Like a growing number of districts, Napa identified accurate grading as a necessary lever to close achievement gaps and improve A–G readiness. Our early reform efforts began during the pandemic, when disparities in outcomes widened, and urgency further intensified. Yet our early efforts lacked coherence: practices varied across schools, change rested with individual champions, and progress stalled under (understandable) skepticism and resistance.

After initial setbacks, we sought a partner with deep experience in system-level instructional change. Through peer recommendations, California Education Partners (Ed Partners) emerged as a trusted collaborator. What distinguishes our work with Ed Partners from our other efforts to address this persistent problem is a focus on systems coherence, capacity building, and continuous improvement—not one-off professional development or short-term initiatives.
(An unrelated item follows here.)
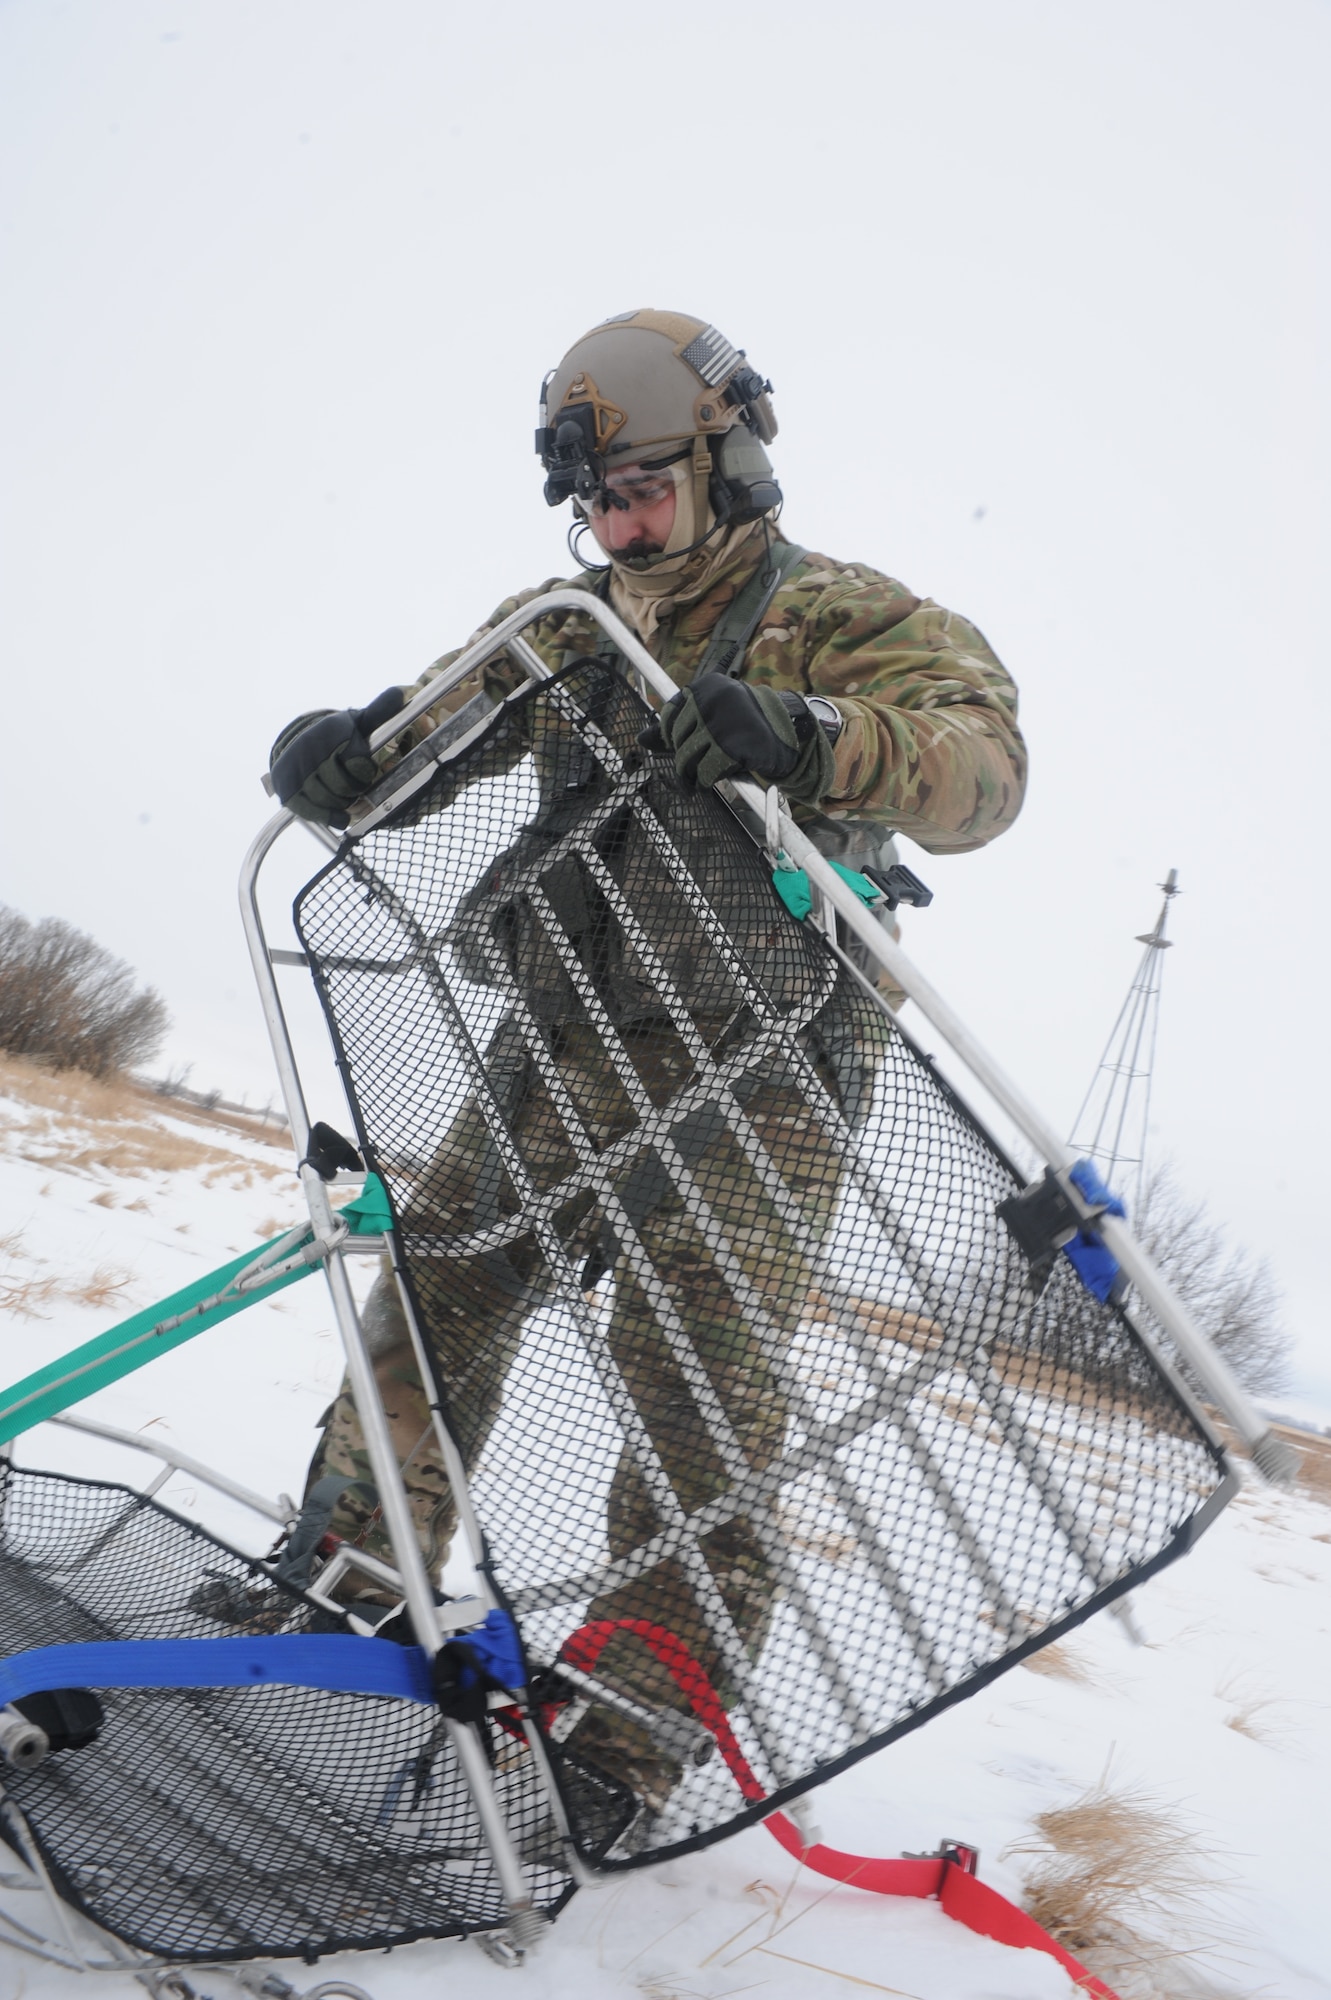 Tech. Sgt. Thomas Liscomb, 54th Helicopter Squadron flight engineer, assembles a litter near Minot Air Force Base, N.D., Feb. 11, 2015. The litter was used during training to test the crews search and rescue capabilities. (U.S. Air Force photos/Senior Airman Stephanie Morris)

With our multi-year partnership, changes to grading practices have begun to take root and scale across our pilot sites.

Through a disciplined, system-wide effort, we moved from a handful of teachers working together to teachers at close to half of our secondary schools (and growing), aligning around a set of effective shared practices to improve student learning and outcomes.

Successful Pilots Create Demand

We started with two schools, one middle and one high — Silverado Middle School and Napa High School. The sites had an existing partnership through a COWELL Foundation grant and demonstrated readiness for collaboration. Napa High’s WASC report also underscored the need for greater consistency in grading, creating urgency and a clear context for change.

The first year was deliberately cautious. Teachers worried about midyear changes. District and school leaders emphasized trust-building and honest dialogue. Napa High School Principal Dr. Ean Ainsworth shared that:

“The foundation of any conversation about grading has to be a strong and trusting staff culture. Each conversation surfaces deeply held beliefs and philosophies about grading, which makes the work inherently messy. Napa High School is fortunate to have a staff willing to be honest and vulnerable with one another. That level of trust has allowed us to build greater accuracy and consistency in how we assess and communicate student learning.”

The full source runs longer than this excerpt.